En el poema Ningún hombre es una isla, J. Donne nos dice que “La muerte de cualquier hombre me disminuye, porque estoy involucrado en la humanidad, y por tanto, nunca mandes a saber por quién doblan las campanas; doblan por ti” (1642).
Conmovedor: “el pasado 29 de marzo, Maycol murió en los brazos de su abuela —en la vía pública—, cuando junto a la madre del menor intentaban trasladarlo al Hospital General San Juan de Dios” (PL). ¿Quién no se indigna y lamenta ante el sufrimiento y trágica muerte de esta indefensa criatura? Unas semanas antes, el 7 de marzo, se supo que una menor de un año que padece desnutrición fue abandonada en la colonia Loma Linda, San Miguel Ixtahuacán, San Marcos. El 20 de diciembre de 2015, un recién nacido, abandonado cerca del metamercado de Coatepeque, Quetzaltenango, fue rescatado por varios vecinos que escucharon su llanto cuando era atacado por hormigas.
Muchos, y me incluyo entre ellos, nos apresuramos a citar estadísticas de tanta organización que se dedica a describir la pobreza. Cerca de la mitad de los niños en Guatemala sufren desnutrición y existen áreas del país donde esta estadística alcanza el 65 a 70%. Esto contrasta con la noticia de que la embajadora de Guatemala en Italia, Stephanie Hochstetter, fue elegida a la presidencia de la Junta Ejecutiva del Programa Mundial de Alimentos de las Naciones Unidas.
Le tocó a Maycol. Después del hecho, muchos analistas, formadores de opinión y políticos se apresuraron a señalar lo que “esto demuestra”. La jefa de Supervisión Hospitalaria de la PDH declaró que la muerte de Maycol “demuestra el fracaso del Plan Hambre Cero y el Plan de los Mil Días”. Otros señalan que Maycol es un símbolo; desde la terrible desigualdad que vivimos, hasta los efectos de 40 años de gobiernos neoliberales. Para más, esto “demuestra” lo trogloditas que son quienes se oponen a la Ley de la Juventud. Surgen culpables que sirven posiciones ideológicas o políticas: los financistas de las campañas, los que se niegan a subir salarios, quienes explotan a los pobres, los dueños de la tierra y los que prosperan merced de una sociedad injusta. No faltó el analista que dijera que los responsables de la muerte de Maycol, somos todos.

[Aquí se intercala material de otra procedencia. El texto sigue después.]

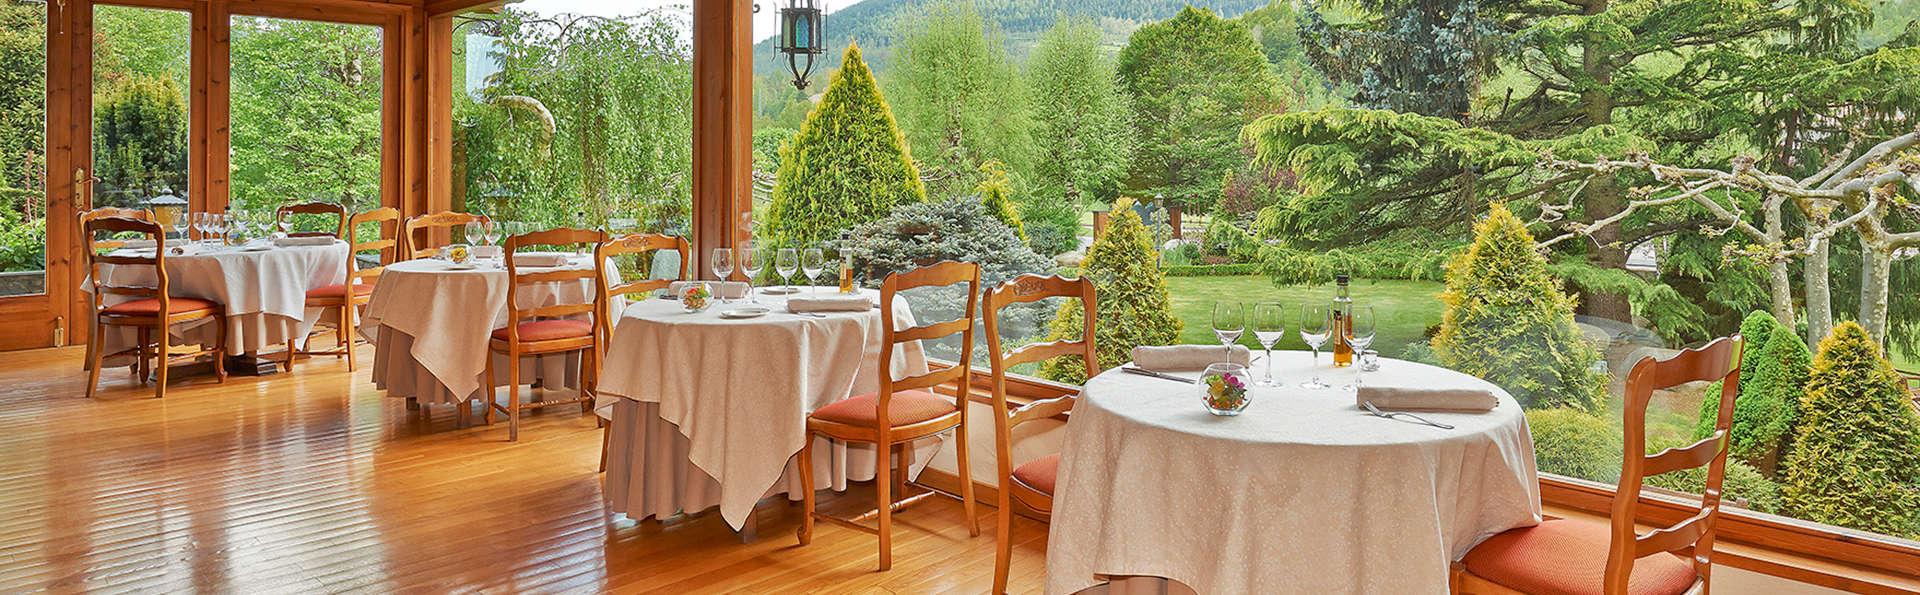 Escapada Gourmet: cena gastronómica y acceso a la zona termal cerca de Camprodon
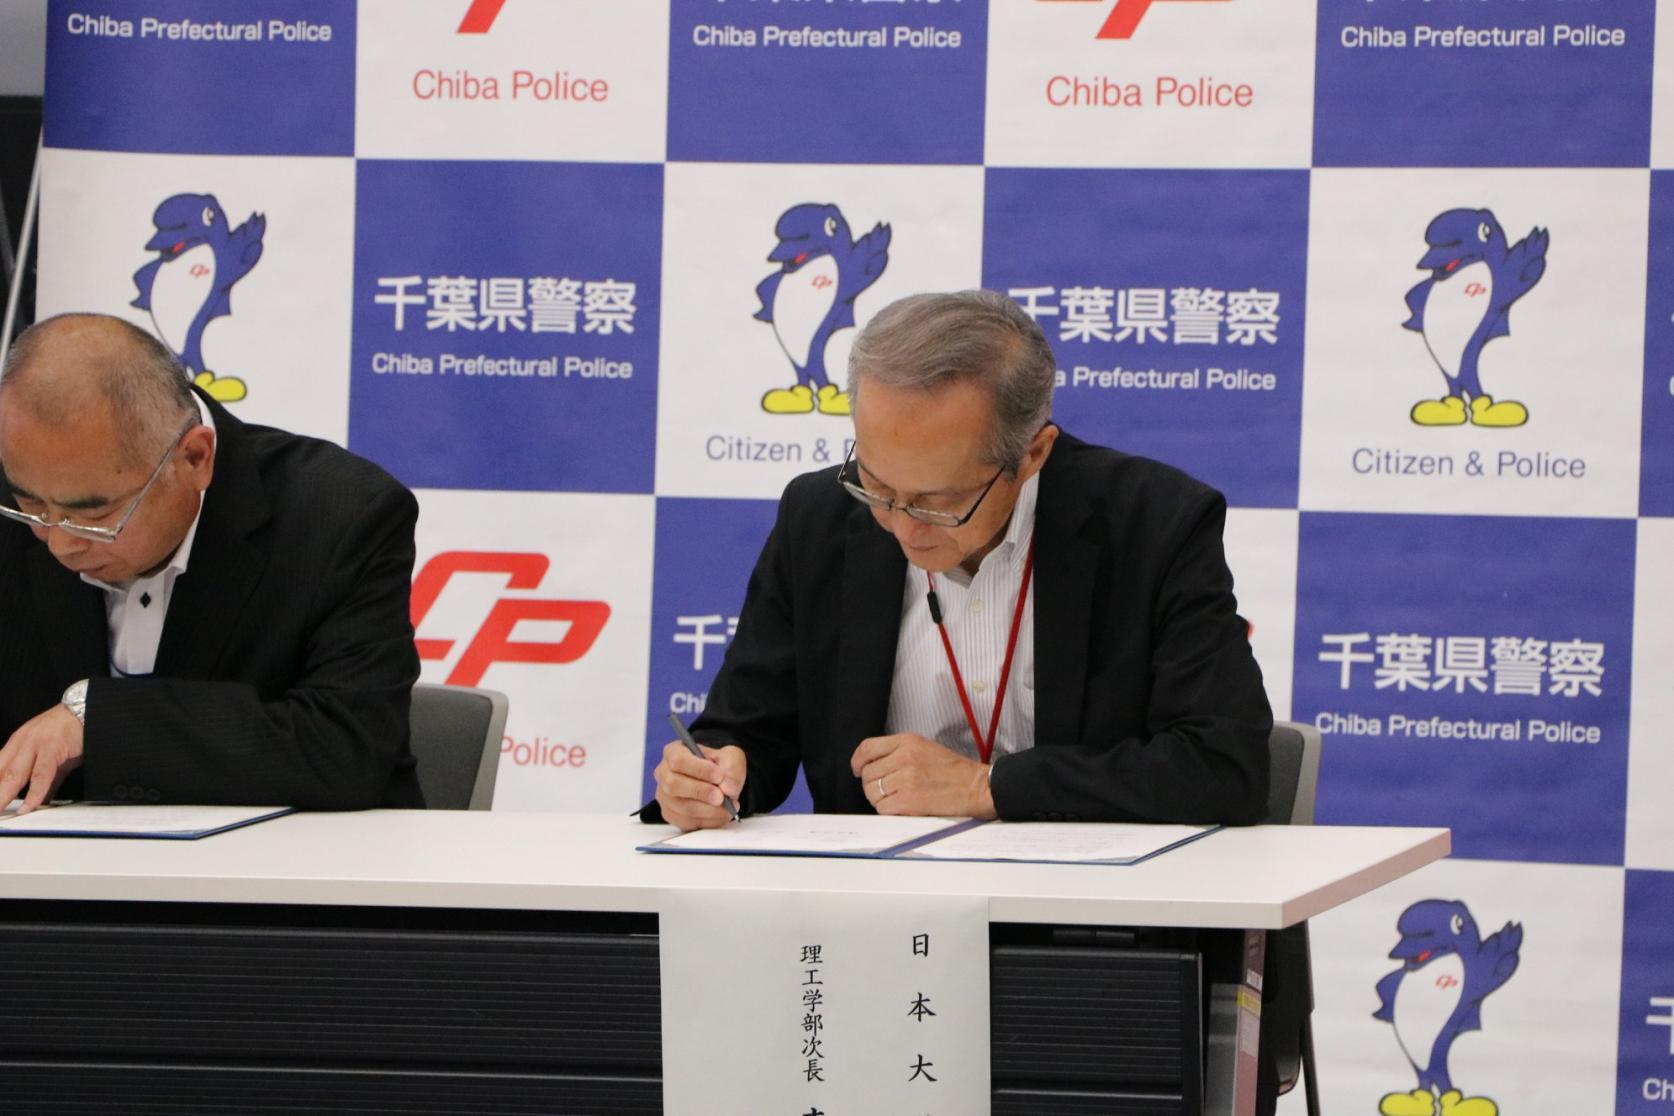 千葉県警察とサイバーセキュリティパートナーシップ協定を締結

Uno o varios eslabones en la trágica cadena se rompieron. Alguien que tenía que dar aviso a otro no lo dio, quien tenía que intervenir no lo hizo. Quien no ha sido mencionado ni señalado es el padre de Maycol; no aparece. La ausencia del padre deja en evidencia el primer factor de riesgo de este bebé. Unos se indignan porque otros señalan a la madre como la principal responsable. Al ver el historial de Maycol, es evidente que su madre, Leili, tuvo muchas advertencias, recomendaciones y oportunidades de salvarlo; incluso le llevaron alimentos a su casa cuando no llegó a una cita. La madre es responsable y esa responsabilidad es ineludible. Le siguen la abuela, en cuyos brazos murió; el padre ausente, los parientes cercanos, amigos, vecinos, la cuadra y el barrio. Por más que se le atribuya responsabilidad a la sociedad, al sistema político o al ministro, desde cualquier óptica que se vea, la familia y su círculo cercano fallaron a Maycol, un ser indefenso que requería de su cuidado para sobrevivir.
¿Hay esperanza para Guatemala, para los cientos de miles de niños que despiertan, pasan el día y se van a dormir, con hambre? ¿Hay capacidad para proponer y construir consensos que vayan más allá de señalar culpables? ¿No es tiempo de silenciar la guerra ideológica, la confrontación, deponer el conflicto y subirse al tren del progreso?